今日是仙界百年一度的“大朝会”,由仙尊主持,目的是为近百年来新飞升上天庭的仙官们授予仙职。按照往年的惯例,大会会召开整整三日,仙官们只要不是法力过于低微的,多少都能被分个一官半职。
显然,胡说并不在封仙之列。因为他虽然生了仙筋仙骨,法力却还很低微,而且对仙职根本就不感兴趣,之所以要去明韶宫,是因为他答应帮蓝灿逃离天庭。
赤穹一直将蓝灿看得死紧,上次他私自出逃更是雪上加霜,导致赤穹直接派了天兵将院子围住,名为保护,实为囚禁。
于是胡说便给蓝灿出主意,让他先假意顺从,慢慢打消赤穹的戒备,再伺机出逃。蓝灿听了胡说的话,吃得比以往多,气色渐渐转好,脸上的笑容也逐日增多,偶尔还能与赤穹心平气和地说上几句话。
见此,赤穹以为他终于打消了去人间的念头,逐渐放松了警惕。那日他对胡说抱怨有天兵守在围墙外太吵害他心神不宁,故意被赤穹听到,于是隔天院外的数十名天兵就被撤得一个不剩。
今日,既无天兵守卫,赤穹又去主持大朝会不在府中,可以说是蓝灿能逃走的唯一机会。可是就在即将离开的时候,胡说却犹豫了,搀着蓝灿,总是忍不住为他脆弱到好像轻轻捏一把就会碎掉的身子骨揪心。
“人间的日子未必会比仙界好过,你可想好了,真的要走吗?那天你刚一说嫌有天兵在外面太吵,仙尊就将所有人都撤了,就这件事来看,我觉得他还是很心疼你的,要不再考虑考虑?”

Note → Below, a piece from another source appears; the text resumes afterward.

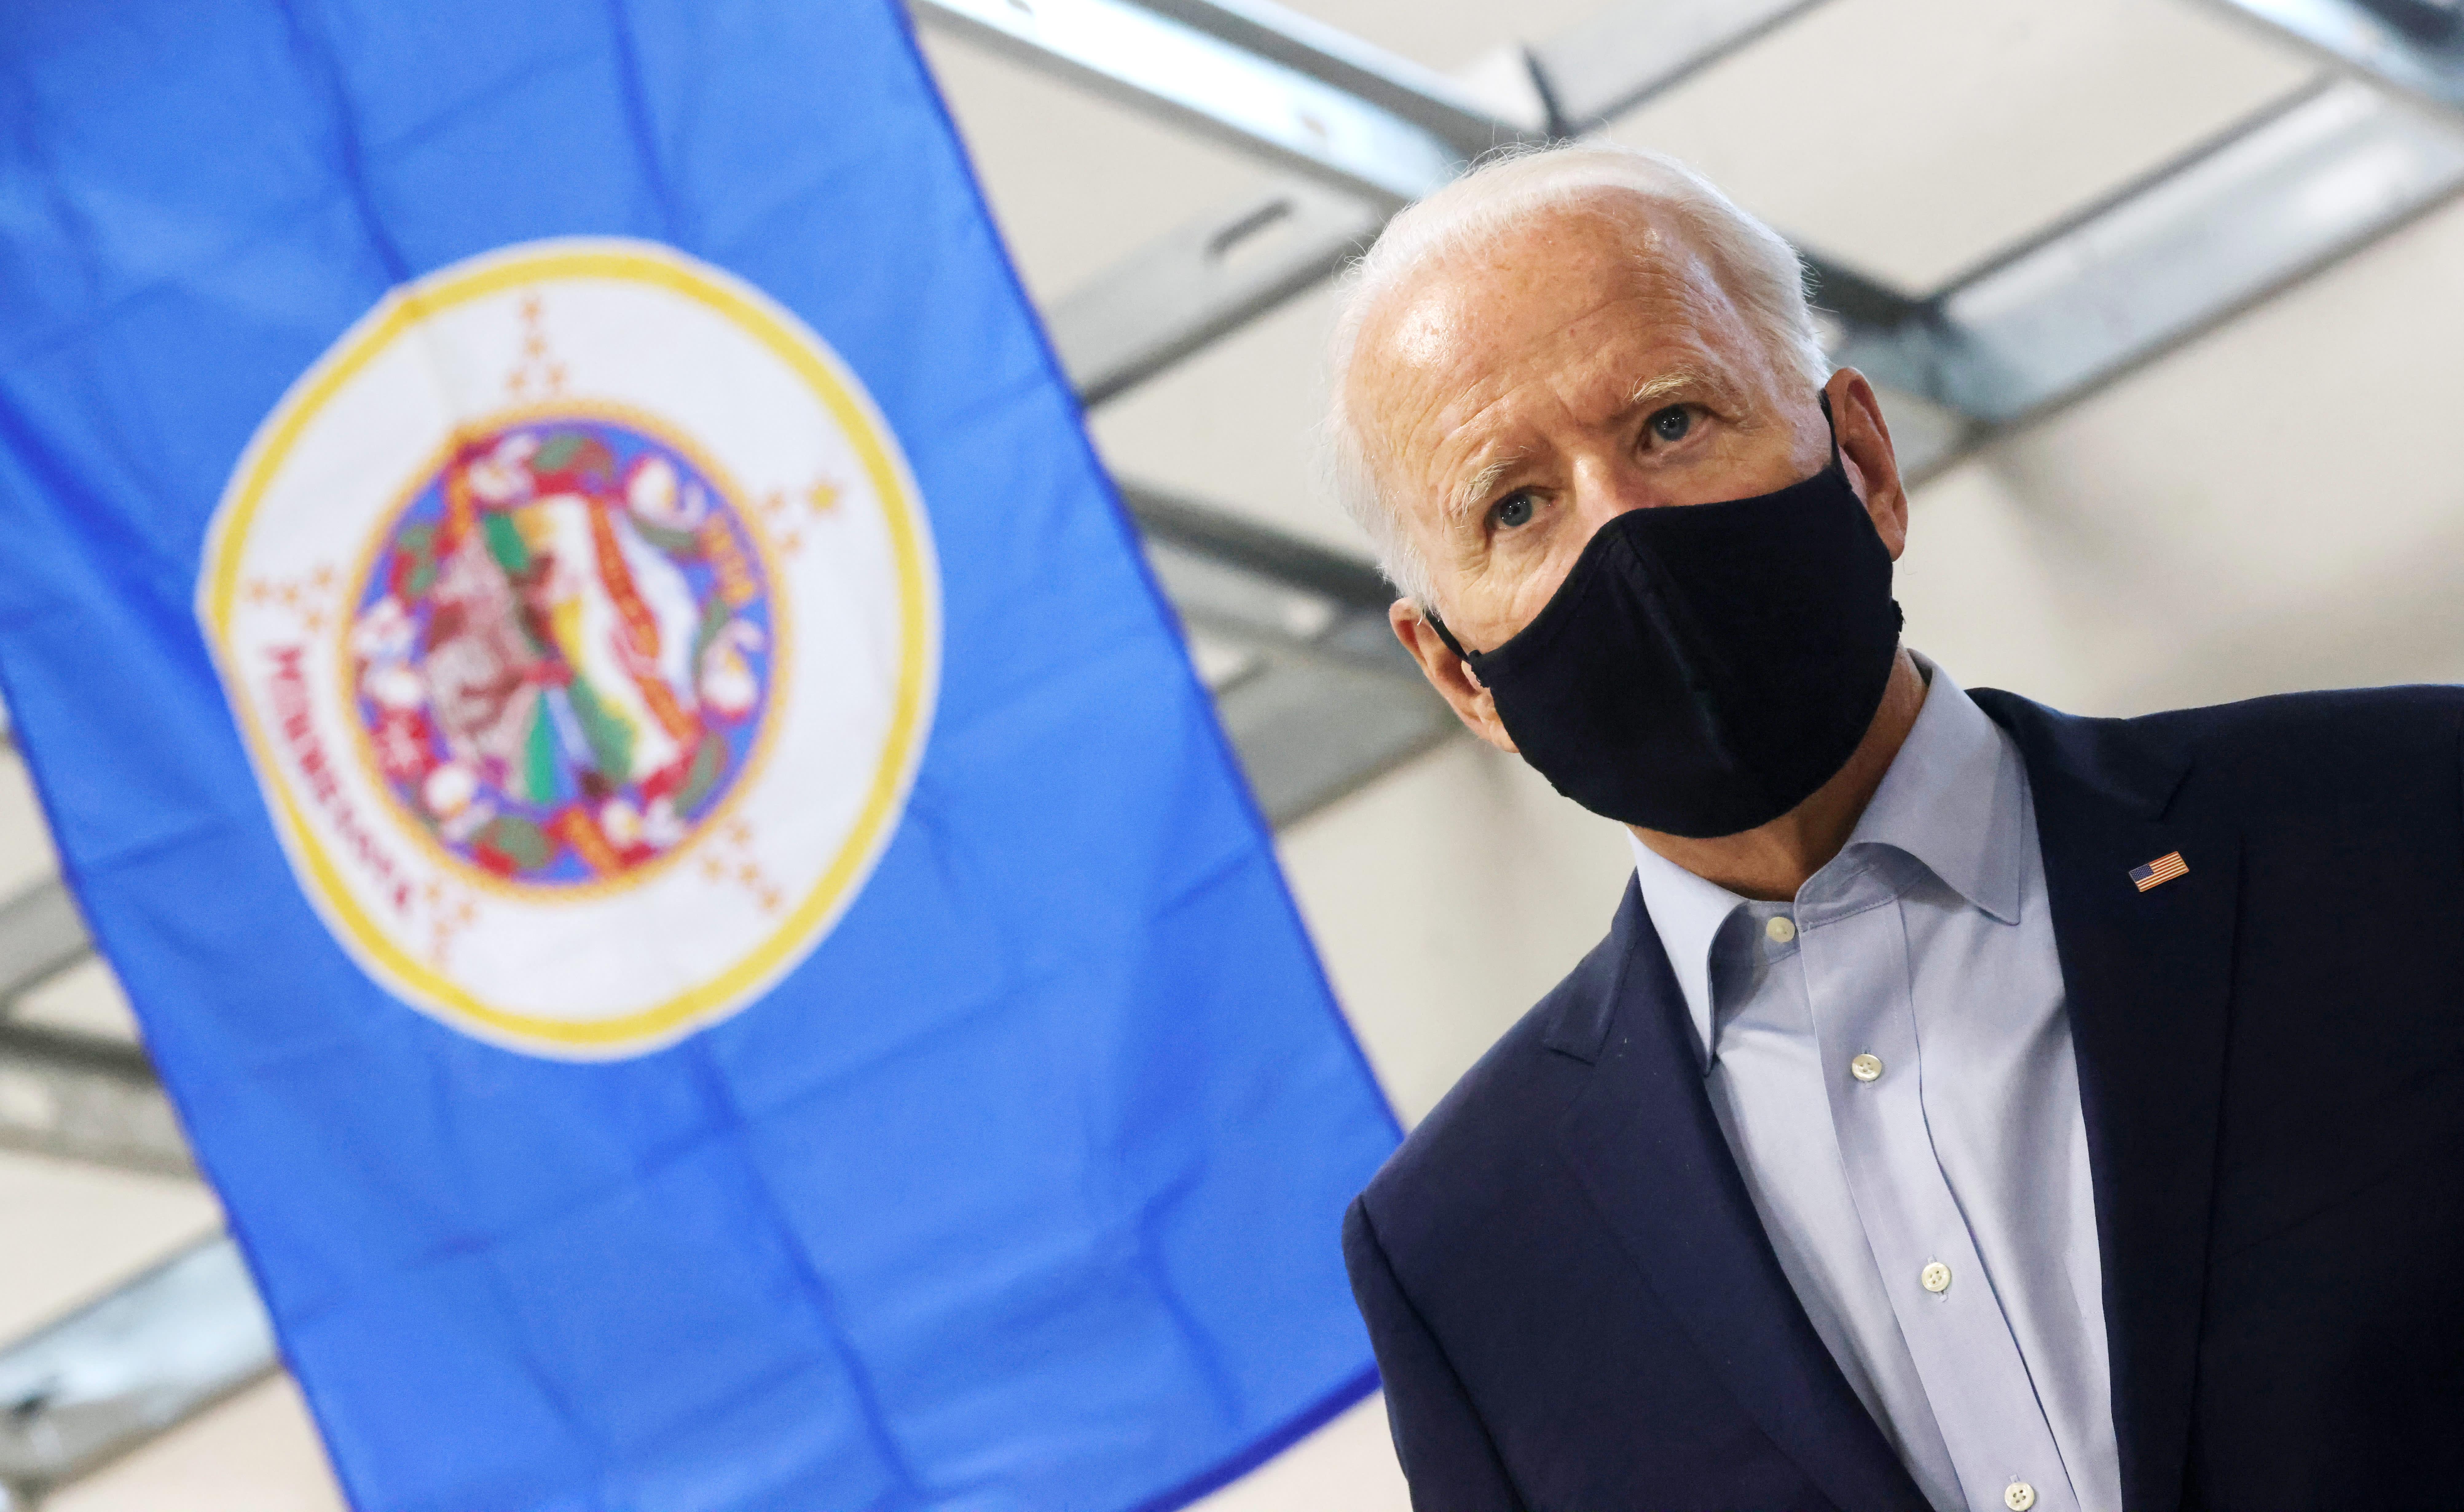 Joe Biden is projected to win Minnesota

蓝灿虚弱地说:“哪有你这样做朋友的,不帮着我下决心不说,还动摇我下定的决心。”
胡说皱着眉道:“我要是真能动摇倒好,但我知道,我这点儿分量根本抵不过你心里的那个人,更不足以动摇你的决心。”
撒了把瞌睡虫将前院的仙童仙婢全部迷晕,胡说带着蓝灿出了明韶宫。为避免路上被人认出,还特意将蓝灿乔装打扮了一下,盘起头发涂脂抹粉,换上仙女裙之后看起来竟是个明眸皓齿弱柳扶风的女儿家。
蓝灿不在乎穿什么衣服化什么妆,只片刻不停地往前走,一路下来早就累得嘴唇发白目光涣散,胡说劝他歇歇也不听。知道他这是盼着离开盼了太久,如今心里只剩这一个念头,胡说也不再劝。
不知走了多久,前方总算是出现了一片郁郁葱葱的松林,林后隐隐传出雷霆之声。胡说只跟着铃铛来过一次这里,其实并不确定按着回忆能否找到准确位置,见到松林才松了口气。
“还有多久才到‘逆川’?”
蓝灿终于停下来,当时因为渴望离开,所以一听到胡说有离开的方法后,就对此坚信不疑。而此刻,望着眼前繁茂到几乎可以用“密不透风”来形容的松林,他心中却有了一丝狐疑和不安,总觉得这片林子透着说不出的怪异。
林子里没有丝毫光线,黑的伸手不见五指,仔细听,似乎寂静得连风吹树动的声音都听不到。
胡说指着松林道:“‘逆川’就在林子后面,是个很高很大的银色瀑布,你听这隆隆声,就是‘逆川’发出的声音。”
蓝灿点点头表示了然,但还是有些犹豫不决。这时,身后似乎传来赤穹的呼唤,由远及近,而这熟悉的声音叫他的身体不自觉变得僵硬,回头便对上仙尊惊怒参半的一双眼。
“小灿,回来,危险!”
赤穹只来得及说了六个字,而正是这六个字,让蓝灿下定了决心。凄楚一笑,他拼尽全力跑进松林,说:“再危险不过一死,而跟你回明韶宫,却是生不如死。”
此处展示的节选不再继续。